Well, this year is turning out to be an expensive one, and we still have a long way to go.
Here is a list of some of my expenses for the year that I will be forced to pay soon, or have recently paid:
ACL surgery: $5,000 (that is our family’s health insurance deductible for the year)
Ice machine rental for knee recovery: $300
Physical Therapy co-pay: $480 (estimate)
Miscellaneous surgery related purchases: $200
Braces for my youngest son: $4200
College deposit for oldest son: $200
Grand Total: $10,380.
Ten grand is a lot of money to come up with all at once!
How I Plan To Pay For My Expenses
Well, the max we could save in our Health Savings Account (HSA) is around $6,000. However, that will not accumulate in time for me to pay my bills.

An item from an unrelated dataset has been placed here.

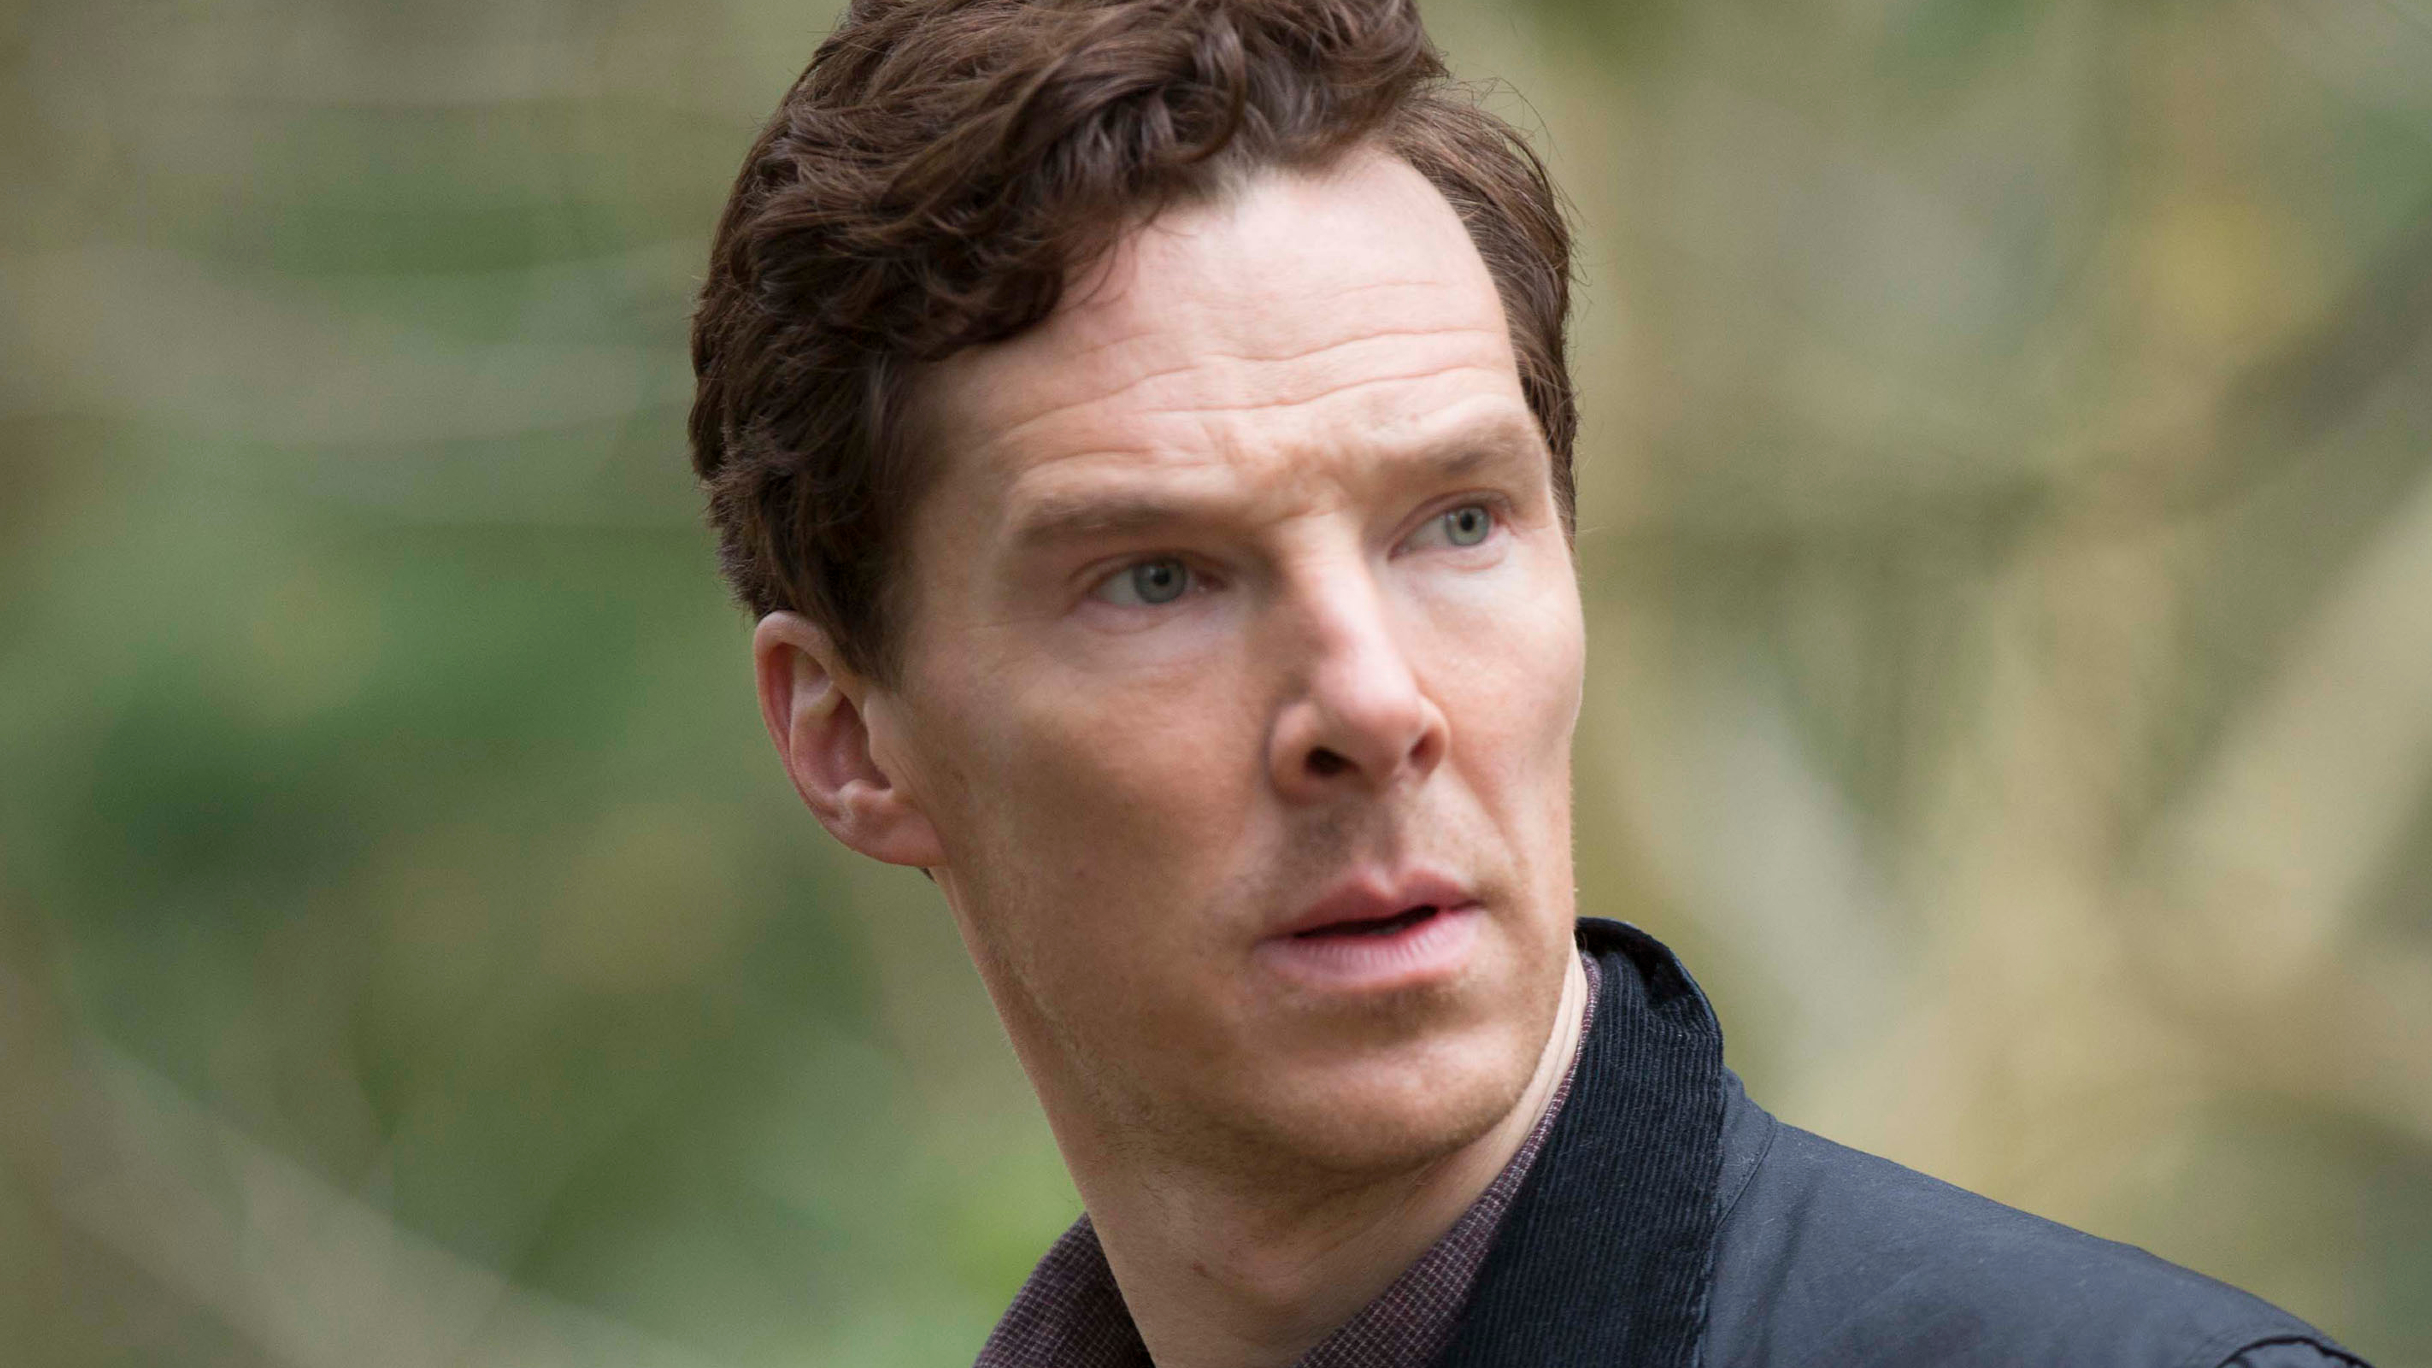 Benedict Cumberbatch Has One Of The Most Watched New Movies On Streaming
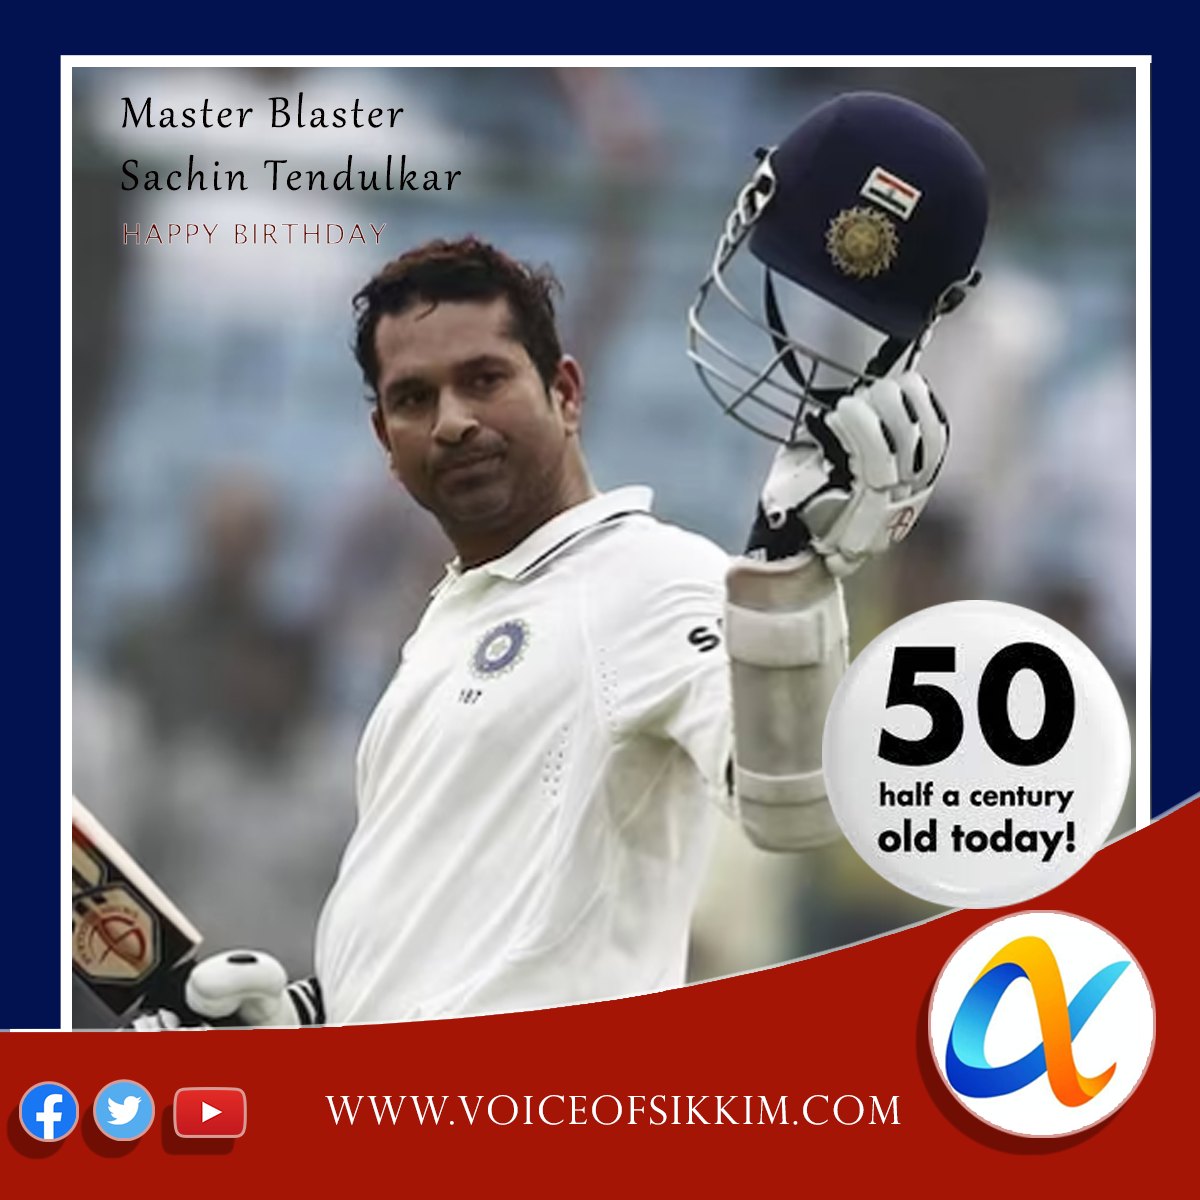 Master Blaster Turns 50, Here’re Memorable 50 Facts

The plan was to use that money for braces, but since I ended up having ACL surgery, we won’t have enough in our account to cover all the expenses. However, we did have $2700 in our Health Savings Account that rolled over from 2010. So, overall we will have $8700 to put toward our expenses this year. But, we will have to pay some up front and get reimbursed throughout the year as the balance in our HSA accumulates.
In addition, I have spoken with our orthodontist, who will give us a 7 percent discount on the my son’s braces if we pay with a check, but they are going to allow us to pay half this year and half next year, which is actually what brought our bill down to $4200.
So, in the next month, I estimate I will have to pay about $8200 in medical expenses, and I will have about $3200 total in the HSA to help cover the bills. So, I will have to pay $5000 from our ‘general fund’ to pay the balance. Ironically, that is about how much I will have accumulated in the HSA at the end of the year. That means that all the rest of our medical and dental expenses for the year will have to be paid outside the HSA.
I have said this a million times, but this is yet another example of why it is so important to have an emergency fund in place. (Or savings, whatever you want to call it.) When medical expenses come up, the last thing you want to worry about is how you are going to pay for it. It is much better when the financial aspect is more of a nuisance than a stressor and you can just focus on recovery instead.
Also, if you are able to participate in a Health Savings Account, really think about how much money you want to put into it each year. When in doubt, err on the side of over ‘investing’, since the money can roll over each year. (This is NOT true for Flexible Spending Accounts (FSAs), you must spend the balance during the same year it is saved.) I am so glad I had some money left over from the previous year that can be used for our expenses this year!
So readers, have you been happy with your Health Savings Accounts?